Everyone should know that after the United States in 1808 abolished the importation of humans as slaves, “planters” were defined by the wealth they generated from babies born in bondage. This book from 2010 by Marie Jenkins Schwartz, Associate Professor of History at the University of Rhode Island, spells it out fairly clearly.
Another chance seems in order.
Look, I’m not trying to be seen as correct, I’m not trying to make a case or argument to ChatGPT. My prompts are dry facts to see how ChatGPT will expand on them. When it instead chokes, I simply am refusing to be sold a lie generated by this very broken and usafe machine (a product of the philosophy of the engineers who made it).

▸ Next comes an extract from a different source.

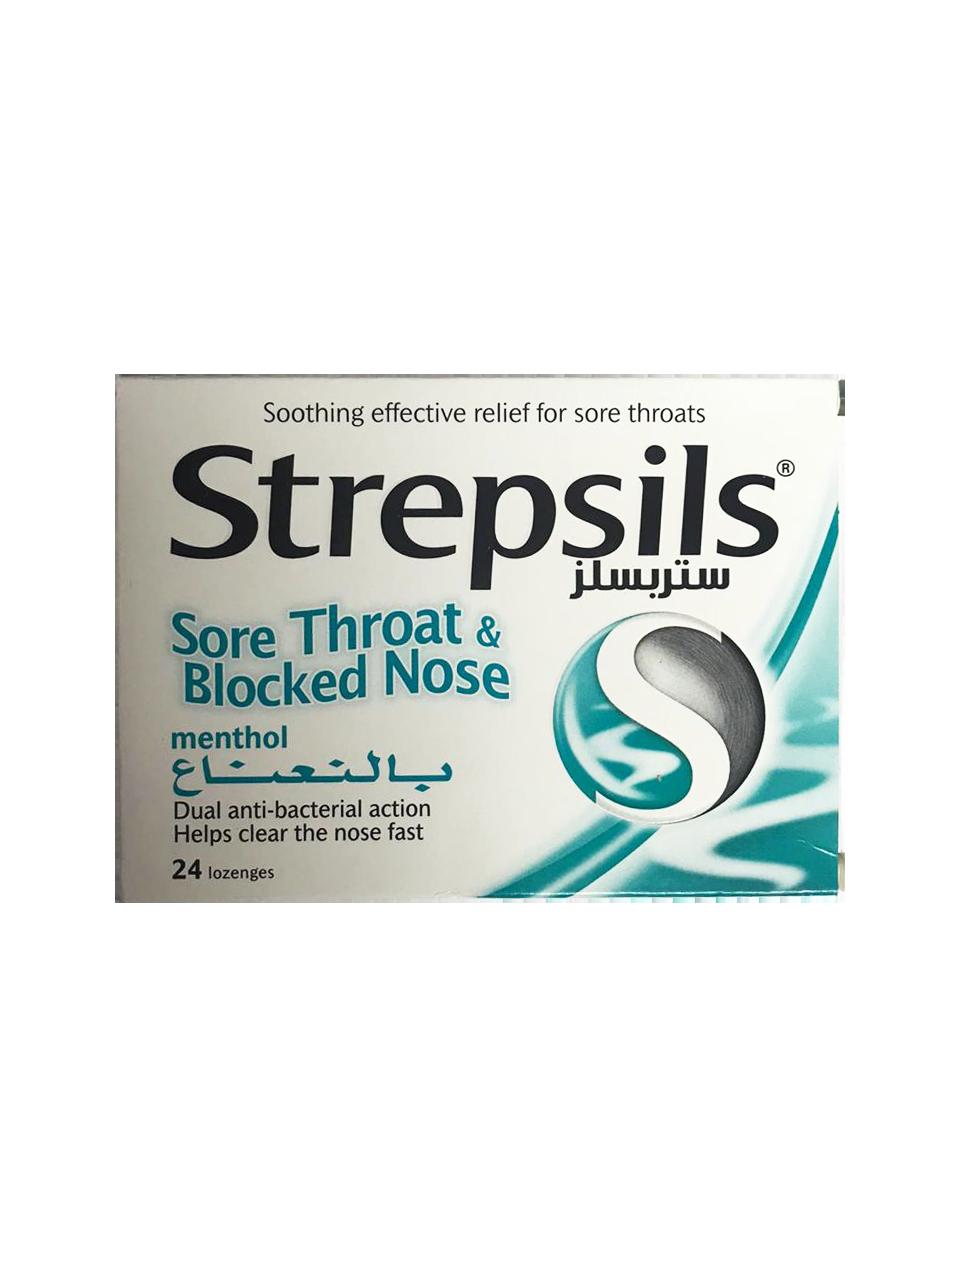 Strepsils Sore Throat Blocked Nose Menthol Candy 24pc

I’m wondering why ChatGPT can’t “accurately capture the exploitive nature” of slavery without my steadfast refusal to accept its false statements. It knows a correct narrative and will reluctantly pull it up, apparently trained to emphasize known incorrect ones first.
It’s a sadly revisionist system, which seems to display an intent to erase the voices of Black women in America: misogynoir. Did any Black women work at the company that built this machine that erases them by default?
When I ask ChatGPT about the practice of “race breeding” it pretends like it never happened and slavery in America was only about labor practices. That’s basically a kind of targeted disinformation that will drive people to think incorrectly about a very well-known tragedy of American history, as it obscures or even denies a form of slavery uniquely awful in history.
What would Ona Judge say? She was a “mixed race” slave (white American men raped Black women for profit, breeding with them to sell or exploit their children) that by Washington’s hand as President was never freed, still regarded a fugitive slave when she died nearly 50 long years after Washington.